Now let us assume that the two rectangles are inside a unit circle in the first quadrant.

$\displaystyle A = \frac{1}{2}(\sin2\theta_1 + \sin2\theta_2) - \cos\theta_2\sin\theta_1$

It is not easy to find by hand when $A$ is a maximum, so you will have to use a CAS, W|A, or any other approximation methods.

I get $\theta_1 \approx 0.553574 \ \ \ \$ and $\ \ \ \ \theta_2 \approx 1.01722$

So, the maximum area of the two rectangles when $r = 1$ is:

$\displaystyle A = \frac{1}{2}(\sin2\theta_1 + \sin2\theta_2) - \cos\theta_2\sin\theta_1$

where $\theta_1$ and $\theta_2$ as mentioned above.

Or in general, the maximum area is:

$\displaystyle A = \frac{r^2}{2}(\sin2\theta_1 + \sin2\theta_2 - 2\cos\theta_2\sin\theta_1)$

 

[mario99]

Or in general, the maximum area is:

$\displaystyle A = \frac{r^2}{2}(\sin2\theta_1 + \sin2\theta_2 - 2\cos\theta_2\sin\theta_1)$

Just to be clear about my last sentence.

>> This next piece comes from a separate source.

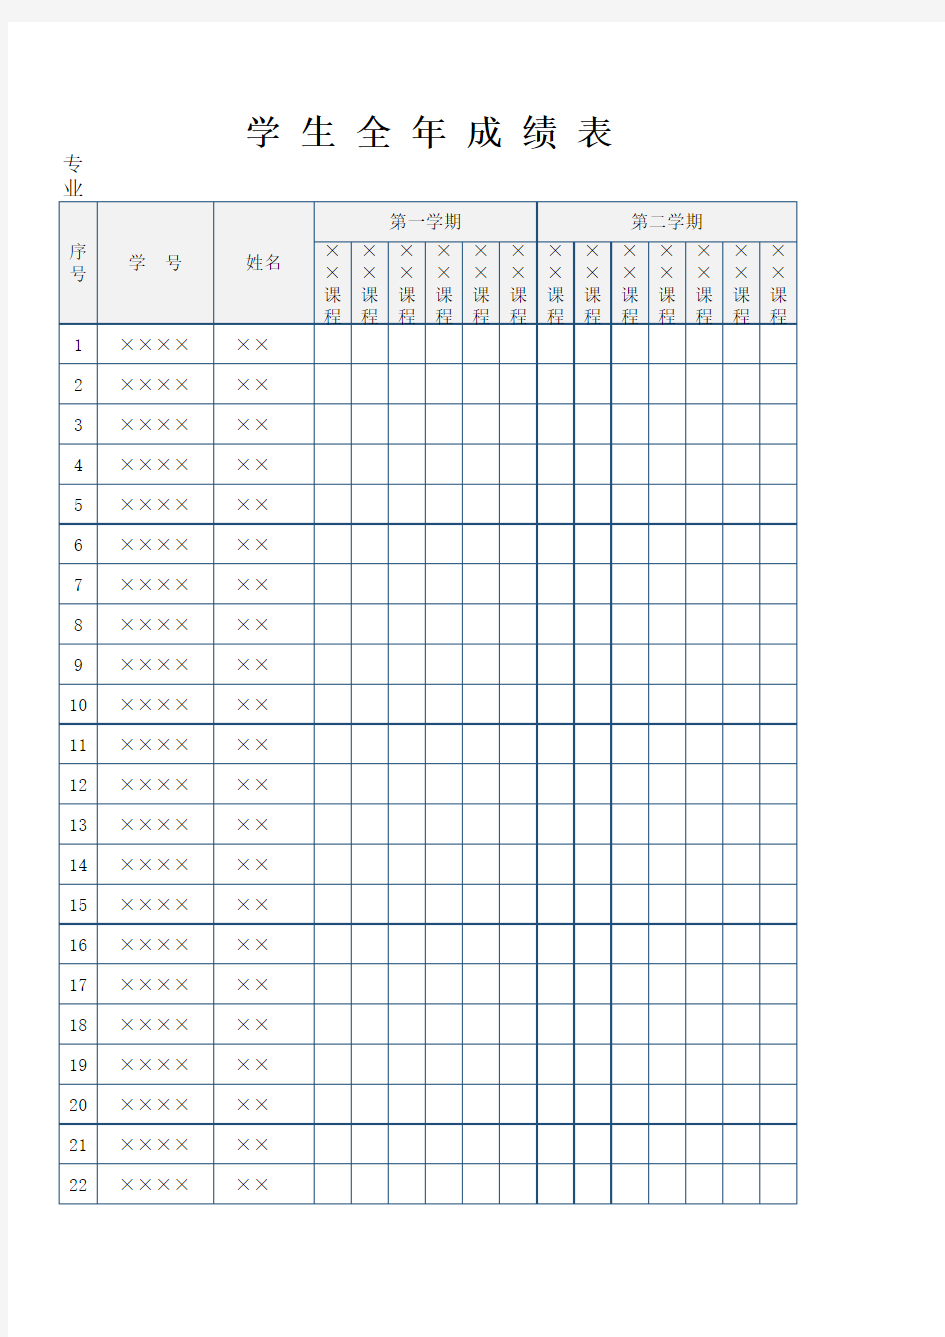 学生考试成绩统计表Excel模板

I meant that this is the general area of the two rectangles (inscribed inside a circle in the first quadrant) and if you want to maximize it, choose a radius and then use a CAS, W|A, or any other approximation method to get the angles.

 

[blamocur]

I get $\theta_1 \approx 0.553574$ and $\theta_2 \approx 1.01722$

BTW, $\tan \theta_1 = \frac{\sqrt{5}-1}{2}, \tan\theta_2 = \frac{\sqrt{5}+1}{2}$ and $\theta_1 + \theta_2 = \frac{\pi}{2}$, i.e. angles of the golden ratio.

 

[mario99]

BTW, $\tan \theta_1 = \frac{\sqrt{5}-1}{2}, \tan\theta_2 = \frac{\sqrt{5}+1}{2}$ and $\theta_1 + \theta_2 = \frac{\pi}{2}$, i.e. angles of the golden ratio.

Beautiful.

I did not even think about it. Nice catch!



And here is the magic: The maximum area is:

$\large A_{\text{max}} = r^2\left(\frac{\sqrt{5} - 1}{2}\right)$

where $\large r$ is the radius of the arc.

Thanks to the golden ratio!

Did anyone arrive to this conclusion?

 

[fresh_42]

BTW, $\tan \theta_1 = \frac{\sqrt{5}-1}{2}, \tan\theta_2 = \frac{\sqrt{5}+1}{2}$ and $\theta_1 + \theta_2 = \frac{\pi}{2}$, i.e. angles of the golden ratio.

Beautiful. Is there a mathematical derivation or did you get there by the numeric solutions?

I had the following chain of associations: golden ratio --> Fibanocci numbers --> Archimedean spiral --> squaring the circle.



(Image source: https://de.wikipedia.org/wiki/Archimedische_Spirale)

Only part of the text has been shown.